(TASK INPUT)

※ ※ ※

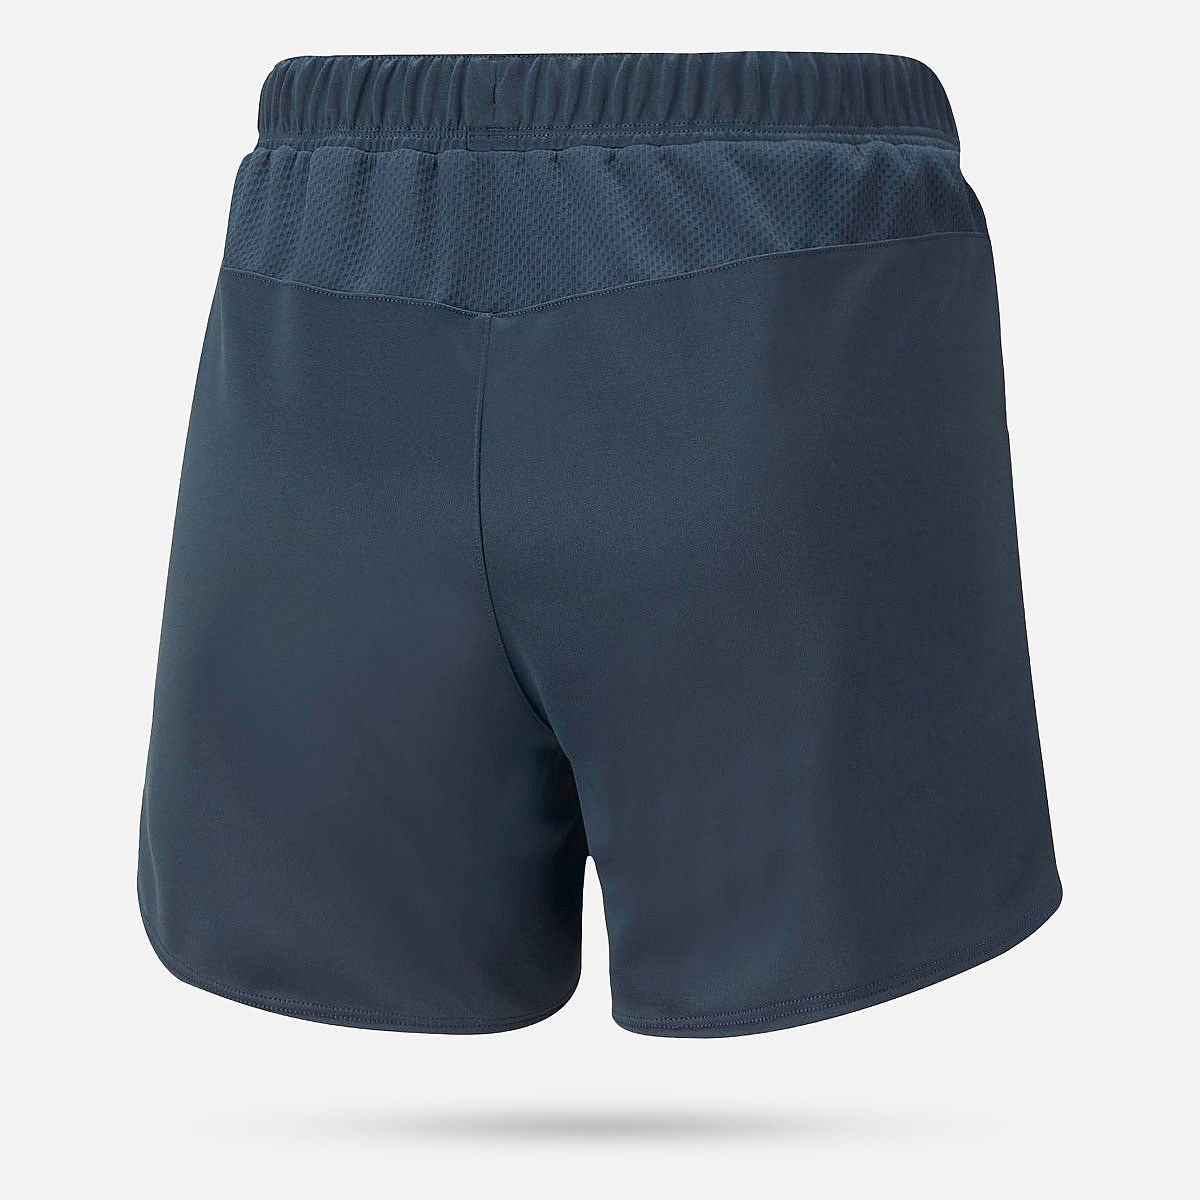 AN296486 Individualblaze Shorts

※ ※ ※

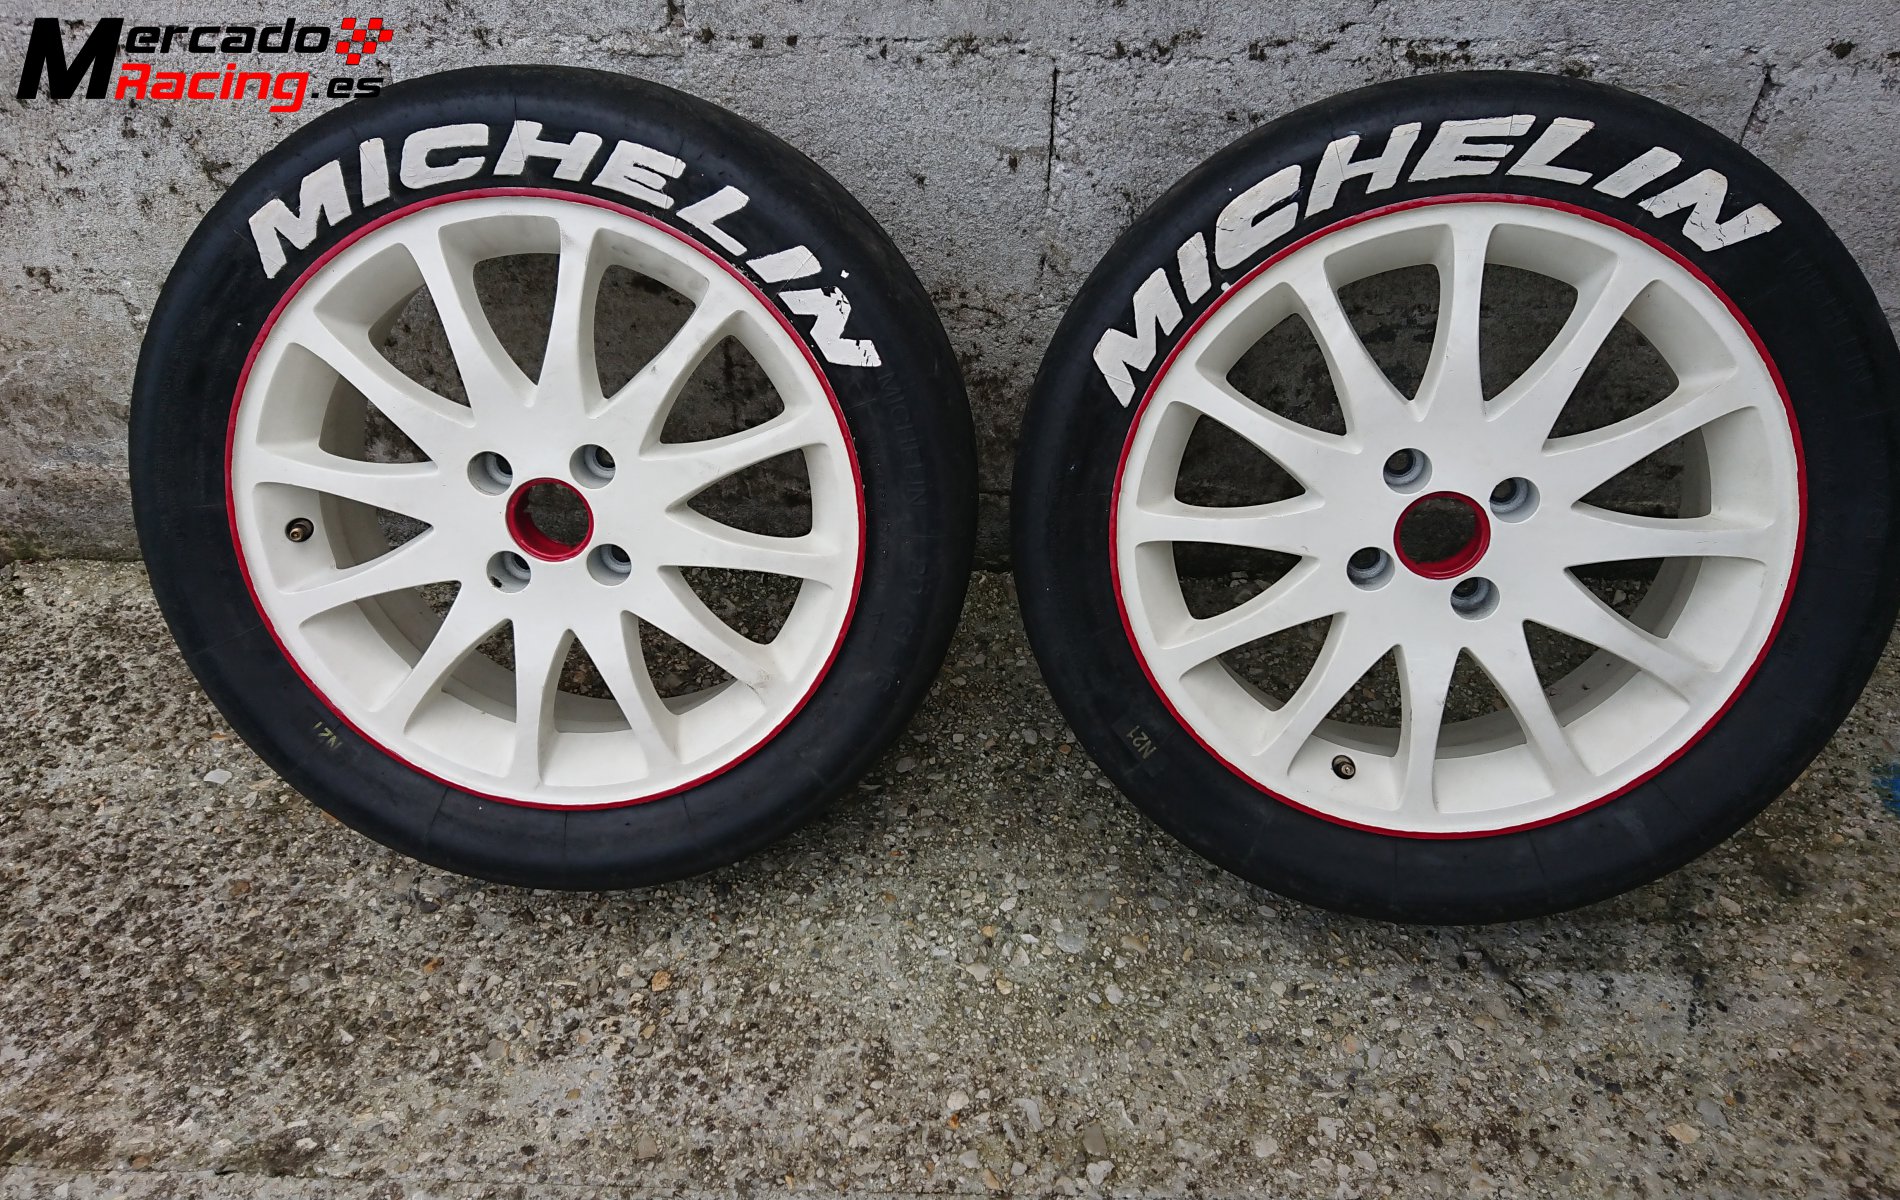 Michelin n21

※ ※ ※

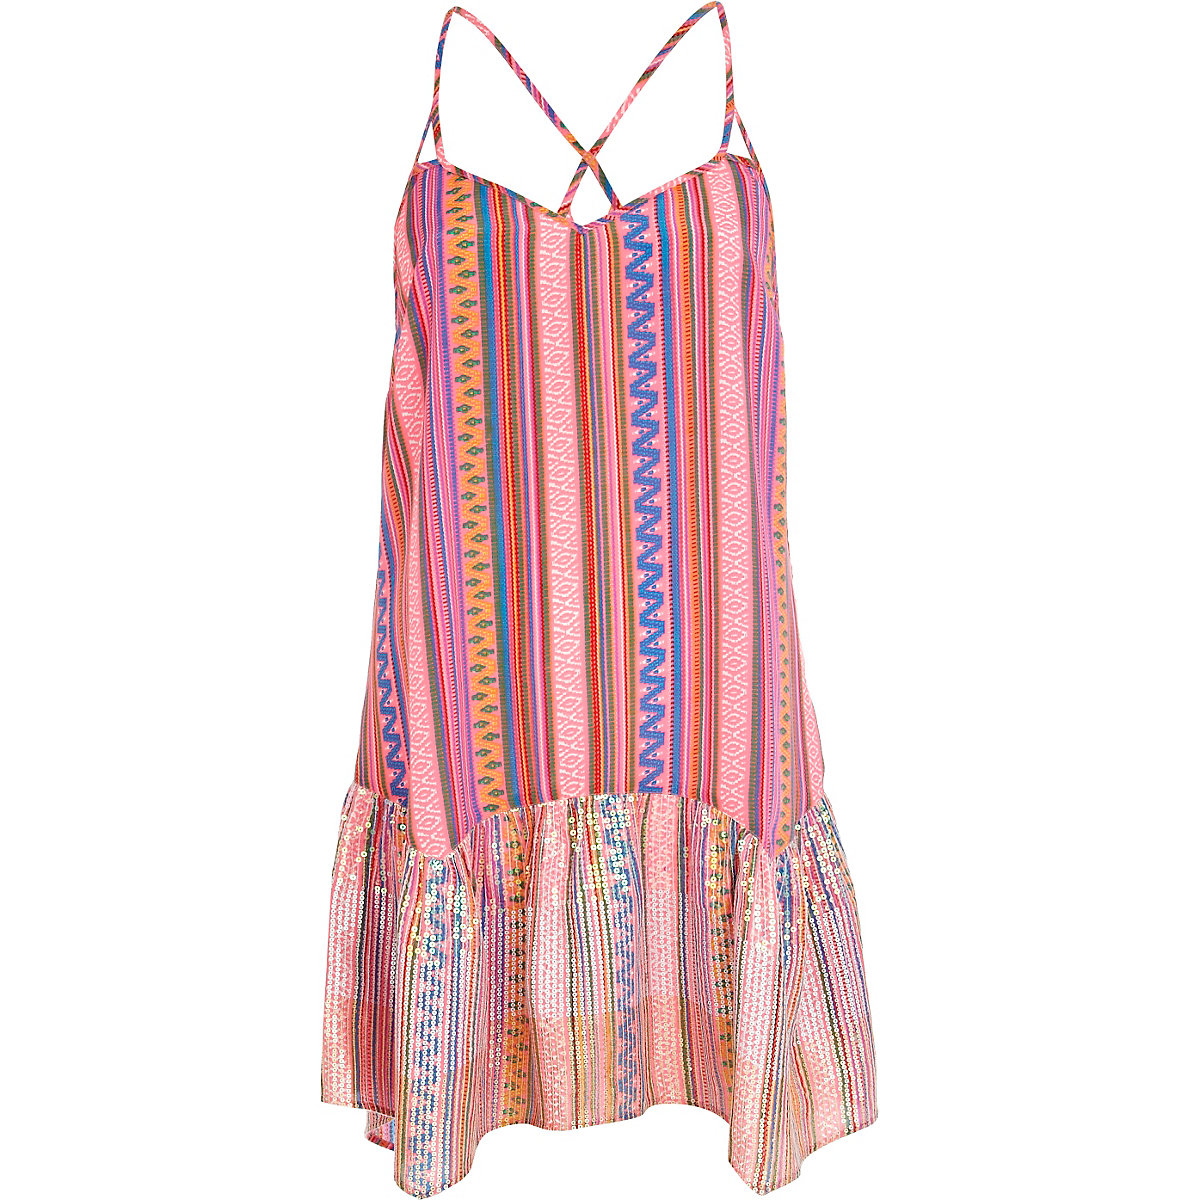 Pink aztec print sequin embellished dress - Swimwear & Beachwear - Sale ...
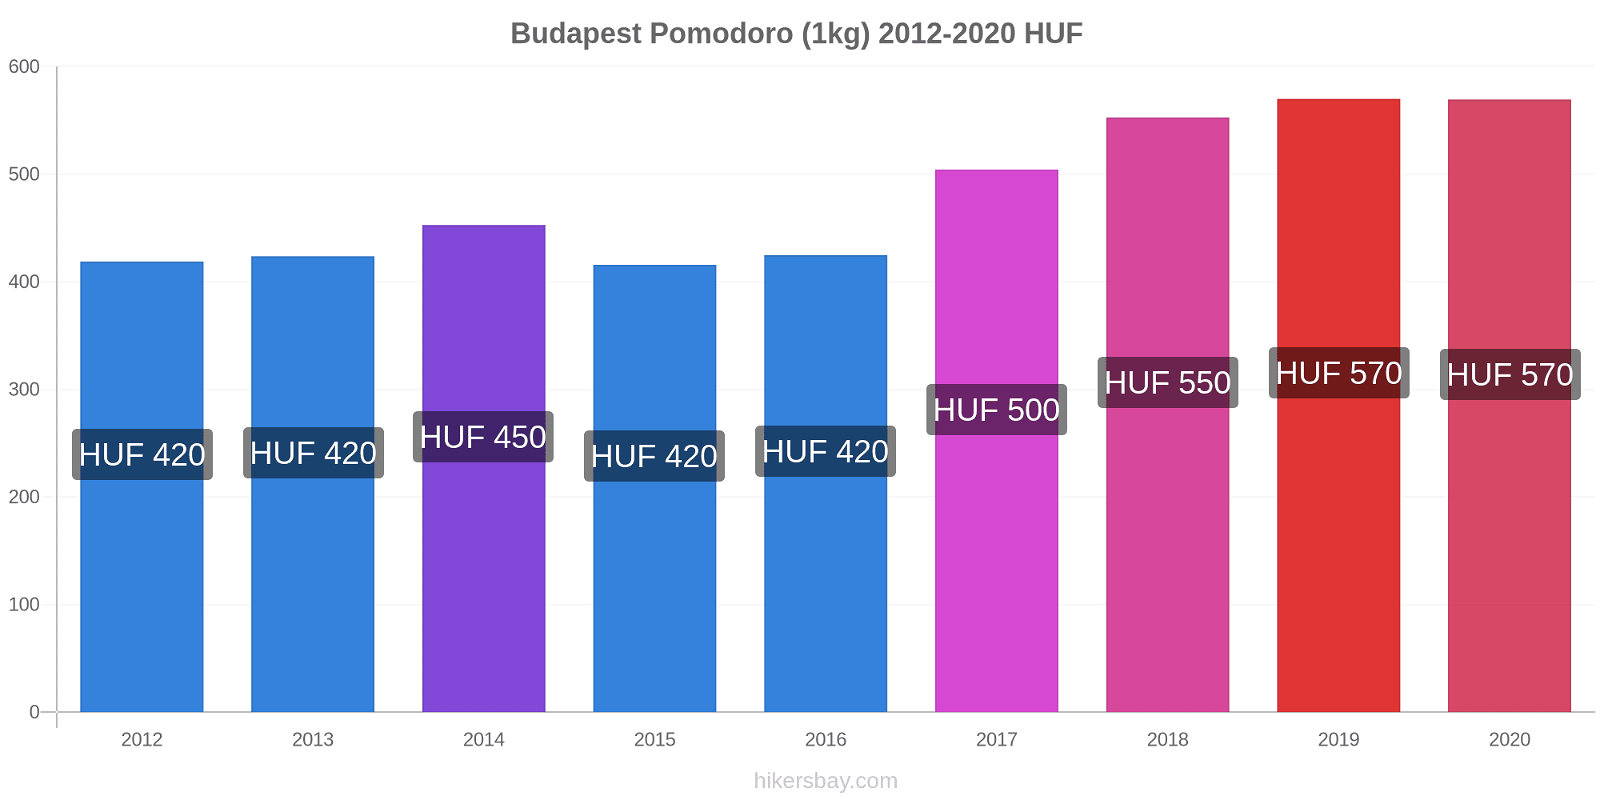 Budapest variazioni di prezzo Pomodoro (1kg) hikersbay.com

※ ※ ※

(WORK ITEM)
What you return must match the lines above from the one with "Pink aztec print" through the one with "Budapest variazioni di" exactly, with both ends included and the pictures excluded.

(TASK SOLUTION)
 Pink aztec print sequin embellished dress - Swimwear & Beachwear - Sale ...
 Budapest variazioni di prezzo Pomodoro (1kg) hikersbay.com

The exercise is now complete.